Managing Covid-19

Coronavirus Business Interruption Loan Scheme 2.0: "The Overhaul"

Published on 3rd Apr 2020

Amid concerns that SMEs were being denied access to the Coronavirus Business Interruption Loan Scheme and that a 'squeezed middle' were being left out of the emergency funding measures altogether, the Chancellor, Rishi Sunak, has announced measures aimed at speeding up decision making within banks and expanding the reach of the scheme to ensure that UK businesses can access the emergency funding they need.


What is CBILS?

The temporary Coronavirus Business Interruption Loan Scheme ("CBILS") is part of a wider package of government support for UK businesses and employees during the COVID-19 outbreak. CBILS seeks to provide financial support to smaller businesses across the UK that are feeling the impact of the COVID-19 outbreak on their revenue and cash flows.

How does it work?

The British Business Bank operates CBILS through its accredited lenders. There are over 40 accredited lenders that are able to offer the scheme, including: high street banks, challenger banks, asset-based lenders and smaller specialist local lenders.
To encourage more lending, CBILS provides lenders with an 80% government- backed partial guarantee against the outstanding facility balance, subject to an overall portfolio cap. The guarantee will help businesses that may otherwise have been denied credit. As the CBILS guarantee is to the lender, SMEs remain 100% liable for the debt.

What are the key features of the scheme?

A lender can provide finance in the form of term loans, overdrafts, invoice finance or asset finance.

Term and amounts

The maximum value of a facility provided under the scheme is £5million. Term loans and asset finance are available on repayment terms of up to six years and overdrafts and invoice finance facilities terms will be up to three years.

Fees and interest

The government will make a Business Interruption Payment to cover the first 12 months of interest payments and any lender-levied fees, so SMEs will benefit from no upfront costs and lower initial repayments. The exception to this is that fisheries, aquaculture and agriculture businesses may not qualify for the full interest and fee payment.


To be eligible for a facility under CBILS, an SME must:

  • be UK-based in its business activity with an annual turnover of no more than £45million;
  • have a borrowing proposal which the lender would consider viable, were it not for the current pandemic; and
  • self-certify that it has been adversely impacted by COVID-19.

SMEs from all sectors can apply, with some exceptions (including banks, insurers, reinsurers and other exceptions which are set out in detail on the British Business Bank website).

Decision-making on whether SMEs are eligible for CBILS is delegated to the 40 + accredited CBILS lenders.

What changes has the Chancellor made?

Under the new terms announced by Rishi Sunak today (3 April 2020):

  • The requirement for accredited lenders to first assess whether SMEs are eligible for their other commercial lending options has been removed. This change aims to speed up the credit committee decision process, which until now has meant borrowers have been told they may need to wait weeks for a decision. It is also designed to prevent accredited lenders insisting that businesses use standard commercial loan facilities (which do not have the crucial benefit of the 12 month interest free period) instead of CBILS. Access to a CBILS loan should be available to any eligible borrower. But to be eligible, SMEs will still need to have a borrowing proposal which, were it not for the COVID-19 pandemic, would be considered viable by the lender.
  • Accredited lenders will not be permitted to request any form of personal guarantee for facilities below £250,000 (several high street banks had already announced that they wouldn't do this). For facilities above £250,000, personal guarantees may still be required at the lender's discretion but must be limited to the non-government backed 20% of the outstanding debt. Principal Private Residences may not be taken as security in any way for a CBILS loan.
  • The new Coronavirus Large Business Interruption Loan Scheme (CLBILS) will provide a government guarantee of 80% to enable banks to make loans of up to £25 million to firms with an annual turnover of between £45 million and £500 million.
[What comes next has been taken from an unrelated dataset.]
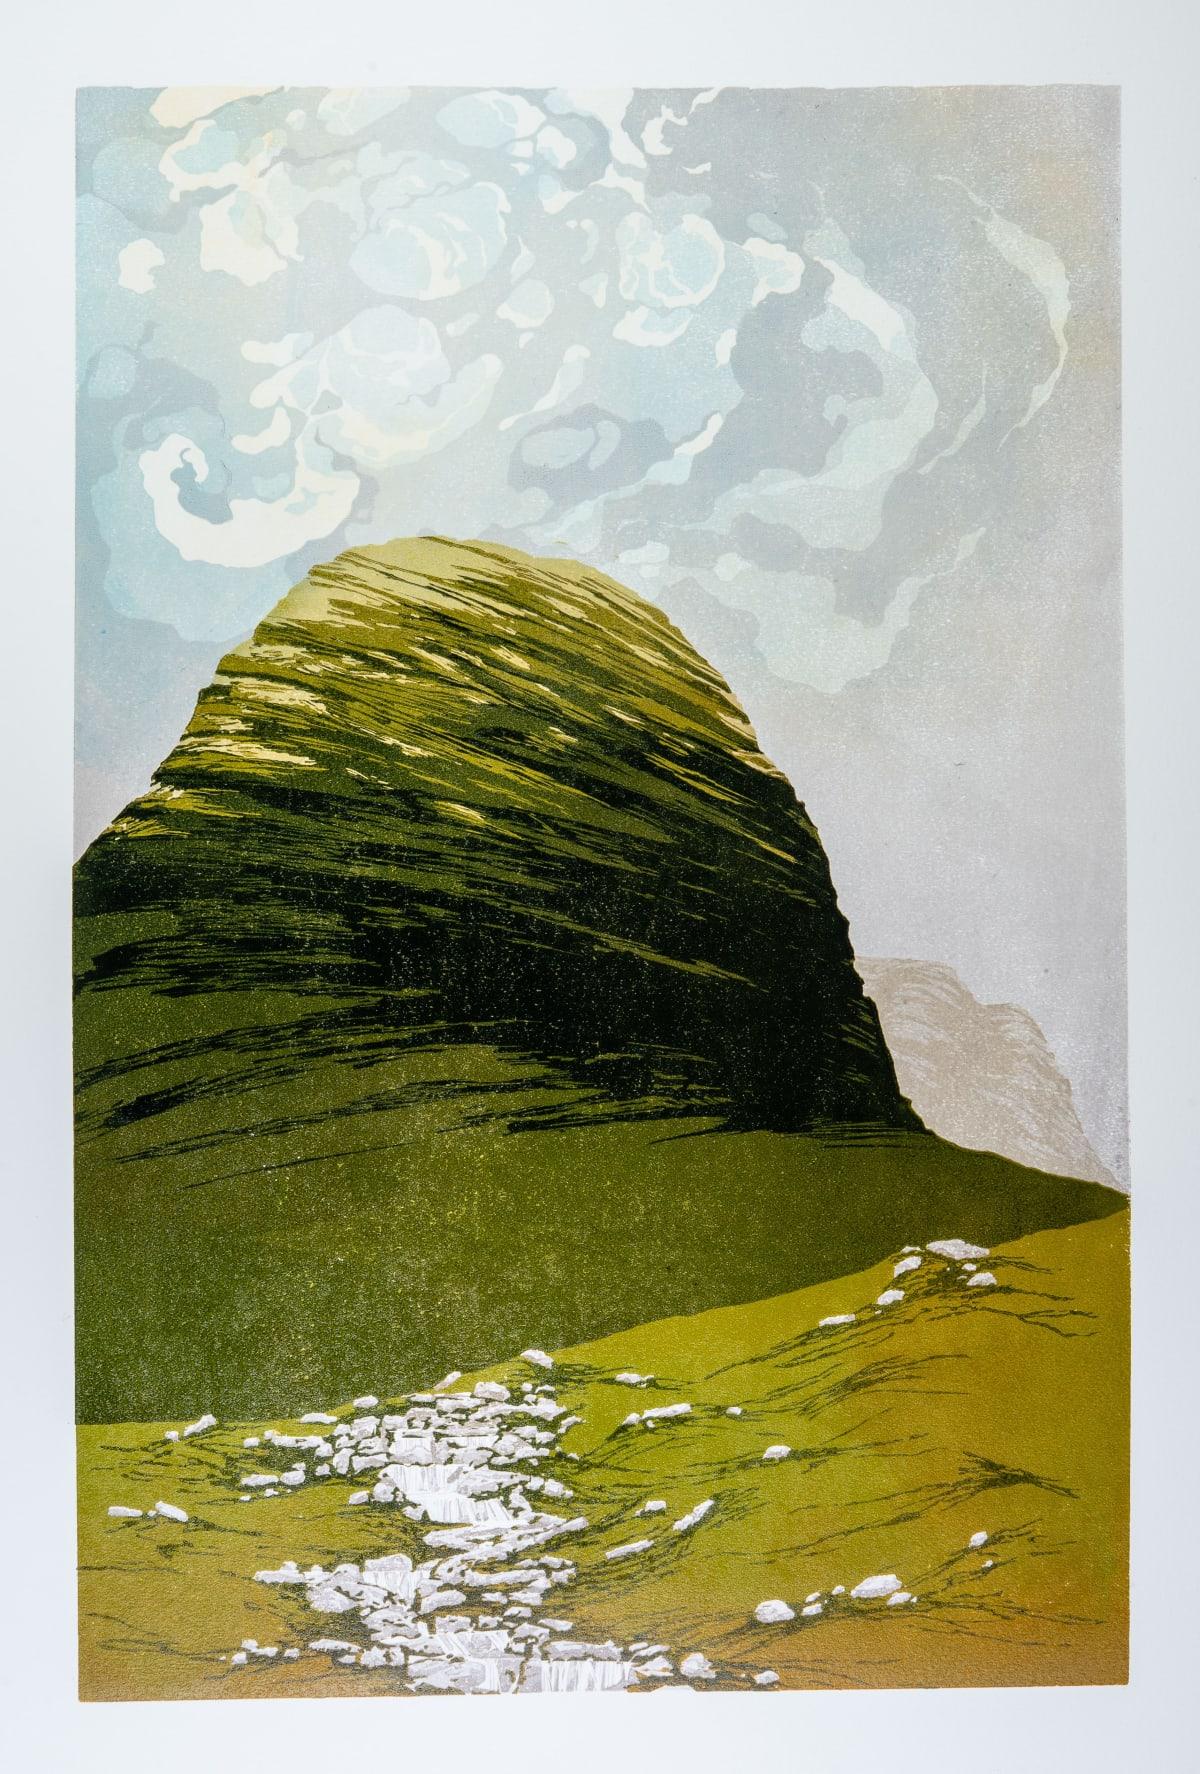 Laura Boswell Skye Light, 2018 Linocut 56 x 36.5 x 2 cm 22 1/8 x 14 3/8 x 3/4 in Edition 2 of 10

Has the Chancellor done enough to quell the growing tide of criticism?

The amendments to the existing CBIL scheme certainly go some way to dealing with the main criticisms made by business leaders and lobbying bodies, but the real test will be seen over the coming days and weeks as we wait to see how accredited lenders cope with the inevitable avalanche of applications. We know that our client banks are working hard to put systems in place to deal with a high level of demand and process applications as quickly as possible. But most lenders are focussing on processing applications from existing customers, rather than new business. We also understand that lenders' general preference is to make any loan under the scheme to the parent company in a group, rather than to a subsidiary, although more than one company in a group may be eligible if the consolidated annual turnover is under £45m. The amended scheme will be operational from Monday 6 April 2020.

As to whether these changes are enough, the concerns we raised in our earlier Insight about the significant chunk of UK PLC that are too big for CBILS but do not possess the investment grade requirements of the Covid-19 Corporate Financing Facility, have been eased by the new CLBIL Scheme. We are pleased to hear that the representations that we, and many other firms and business leaders, have made on behalf of our clients seeking access to emergency funding for this crucial part of the UK economy have been taken on board by the government. We await further details of the new scheme and a clear time frame, and look forward to working closely with our borrower and lender clients to ensure that this funding support reaches those businesses in need.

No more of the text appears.